Do you have the correct clutch slave push-rod for your clutch fork? 'Cause they're different between spring and diaphragm...
 
I actually don't have that on yet but just in the process of putting the clutch all in and it just seems the 3spd clutch fork is way off to what the 4spd clutch fork was?.. because the 3spd fork is stamped steel and the angles are pretty different....
 
I'm in the same process right now but have come up with a bit of a problem..? I have a 3FE with the 4 speed trans in but I had a brand new 3 speed clutch on all the parts from the 3 speed... so My question is that when I put the shifter fork in from the 3 speed into the 4 speed boot it seems that the ball is still not long enough?.. I have the 3 speed ball in there which is longer already but when I push on the fork it just wants to pop out of the ball because instead of pivoting on the ball its pivoting on the edge of the bell housing..??? Is there something I'm missing? I don't think its the shifter boot as its going to hit with or without it.. I don't think its bent either.

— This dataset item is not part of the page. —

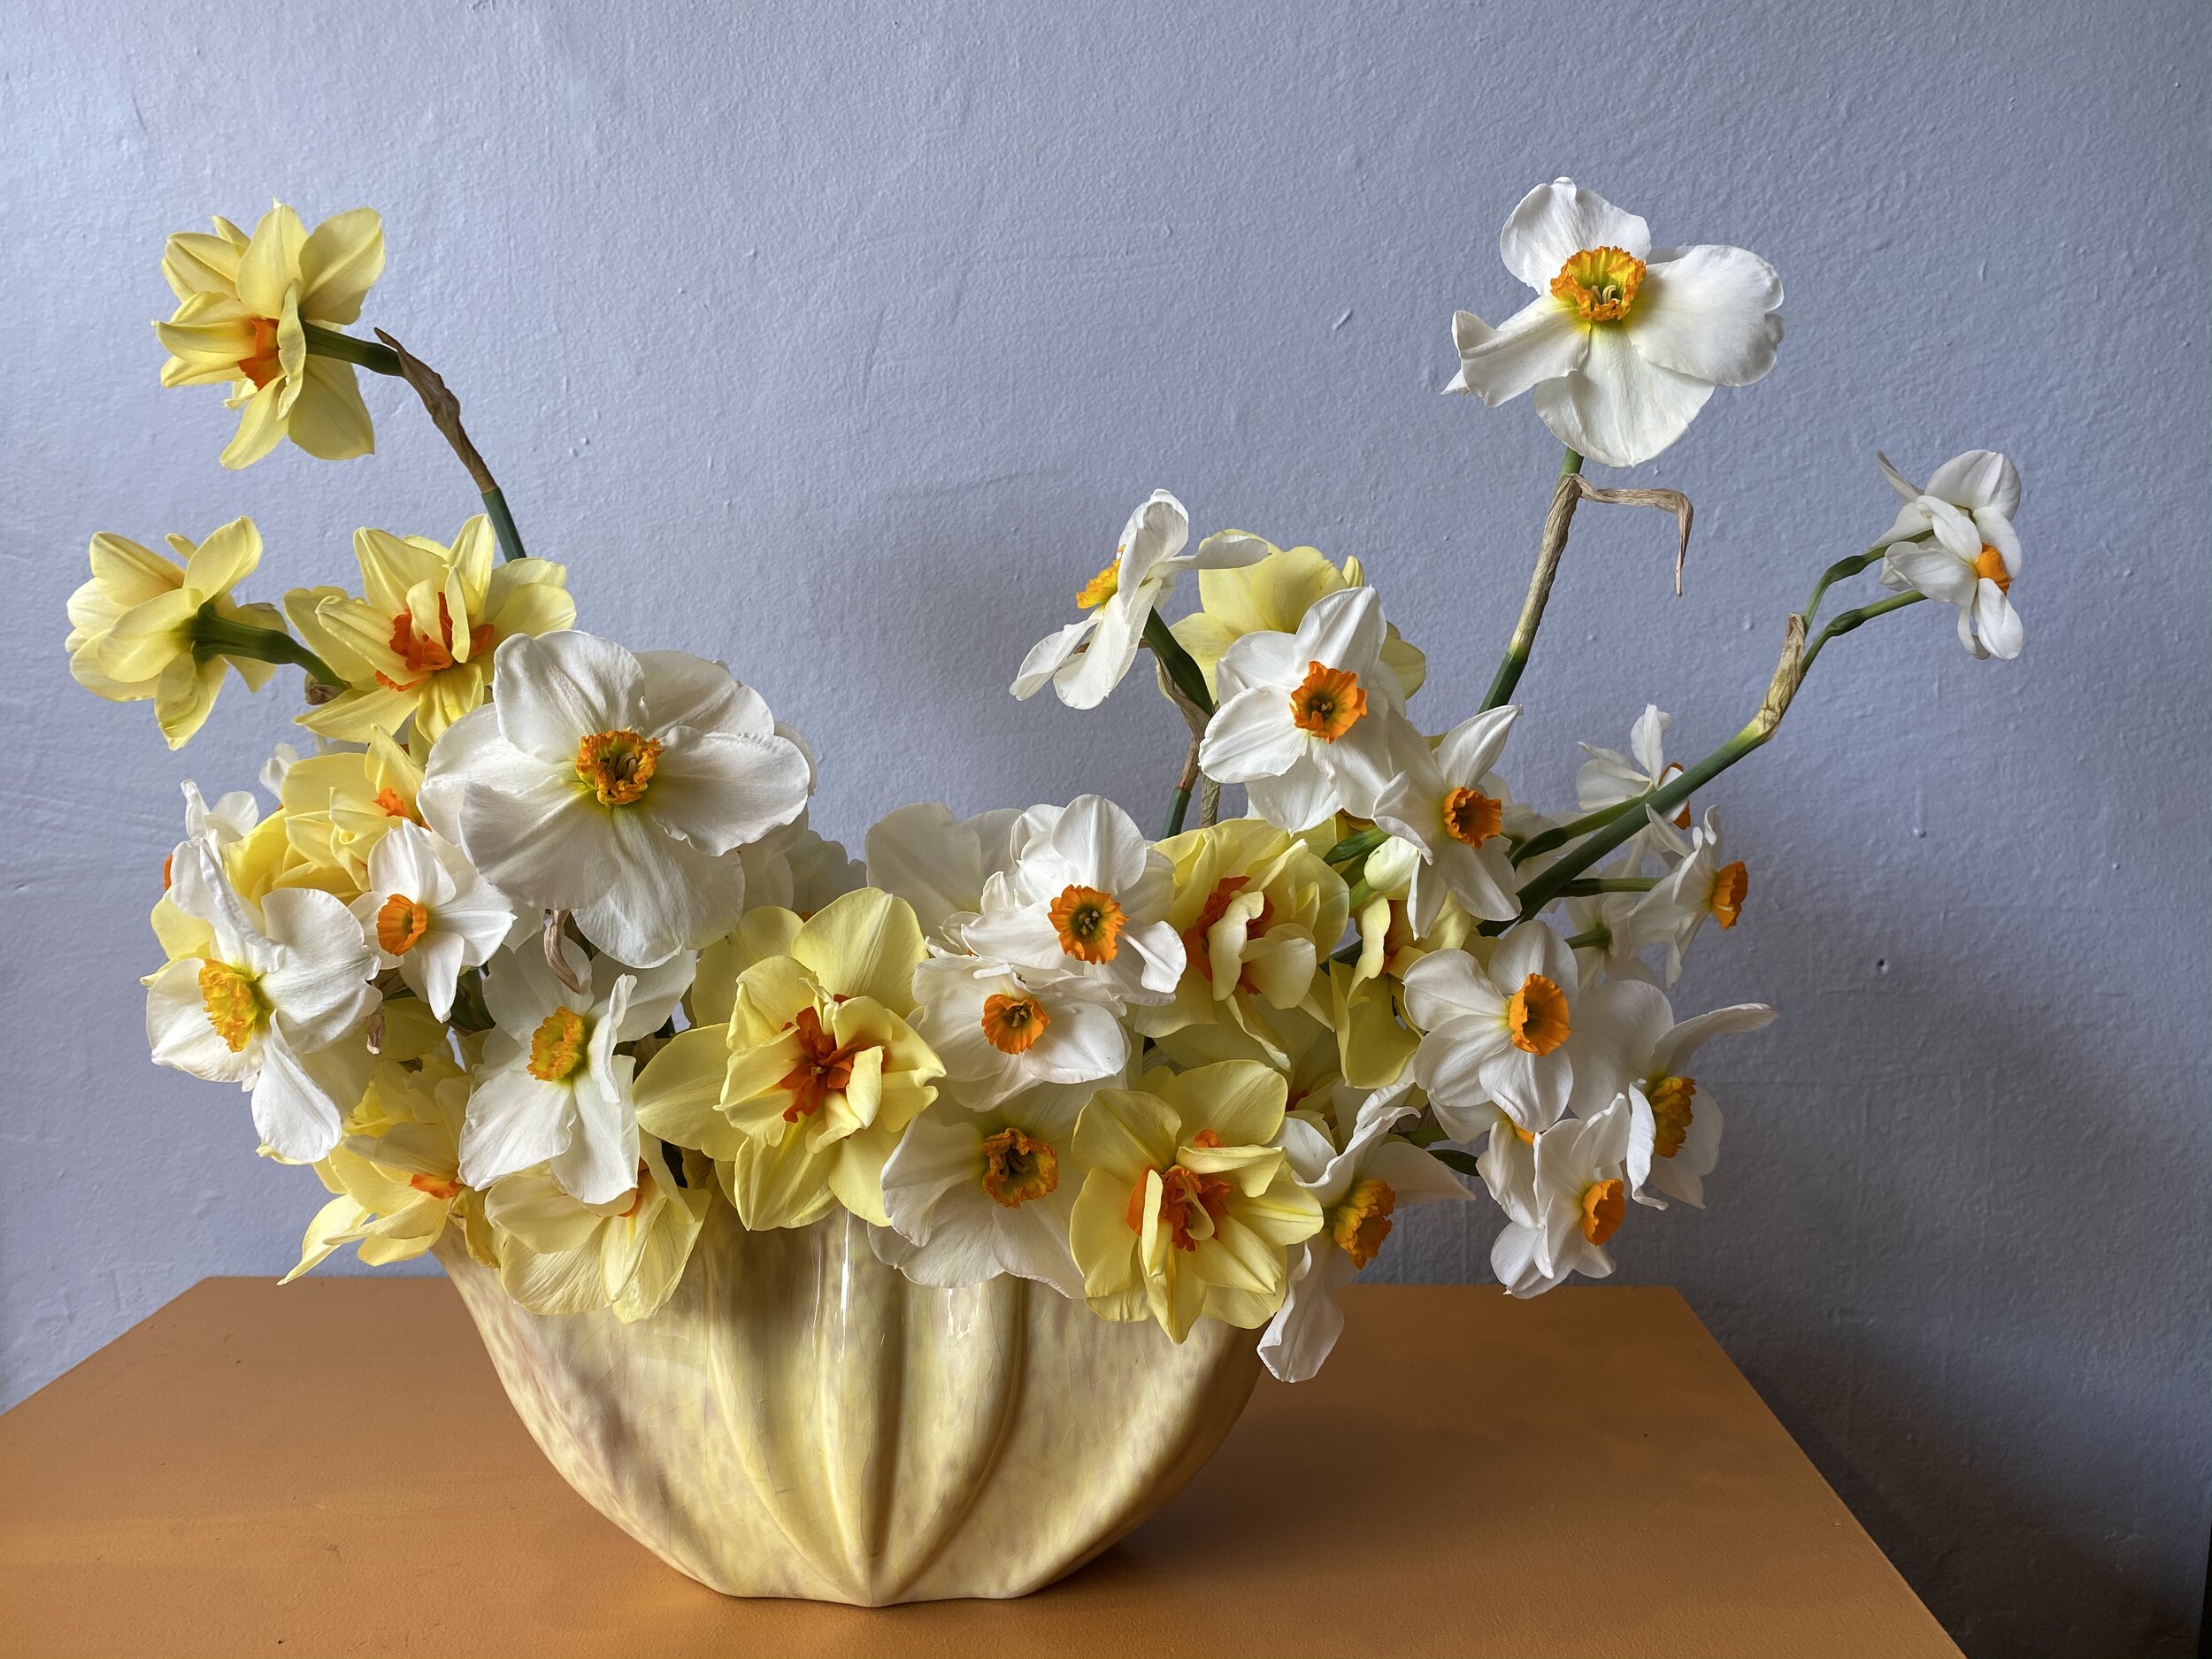 Daffodils and jonquils (1).jpeg

Mechanics 101: Form follows function.

In ANY install, the fork should be near the forward edge of the opening in the bellhousing in order to insure that you will have sufficient range of motion for the fork to swing rearwards while the TO bearing is engaging the PP. If your pivot ball is the longer version and you still do not have the correct placement, perhaps something is worn out.

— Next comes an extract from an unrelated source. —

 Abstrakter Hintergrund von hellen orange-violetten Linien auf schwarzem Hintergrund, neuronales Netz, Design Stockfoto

You could conceivably remove the bolt that secures the the pivot ball to the bellhousing and insert a washer or two behind the pivot ball to move it closer to the clutch, BUT............I would not do so until exhausting all other options, especially investigating the possibility of worn out parts.

Best

Mark A.
 
i dont know why other people had problems but they interchange,have done it many times.either use all 4 speed parts or all 3 speed parts dont know what the big deal is.
 
Mechanics 101: Form follows function.

In ANY install, the fork should be near the forward edge of the opening in the bellhousing in order to insure that you will have sufficient range of motion for the fork to swing rearwards while the TO bearing is engaging the PP. If your pivot ball is the longer version and you still do not have the correct placement, perhaps something is worn out.

You could conceivably remove the bolt that secures the the pivot ball to the bellhousing and insert a washer or two behind the pivot ball to move it closer to the clutch, BUT............I would not do so until exhausting all other options, especially investigating the possibility of worn out parts.

Best

Mark A.



I think this will probably work out.. I can always get a nice strong bolt and washers if it doesn't work..
I think it will work just waiting on my parts now so I can put the clutch back in!!!
Hopefully soon then I can throw the whole thing back in the frame!


The reason I'm concerned is really the fact it has no range of motion on the fork.. its sits very close to the back edge and then it has about 1/2" of motion at most.. it just didn't seem right to me.
 
I want pics.
 
If using a coil spring clutch, it also needs all the correct actuating parts that are different from the diaphragm clutch. In this instance, it is necessary to remove the tall pivot ball from the 3 speed belhousing and bolt it into the 4spd BH.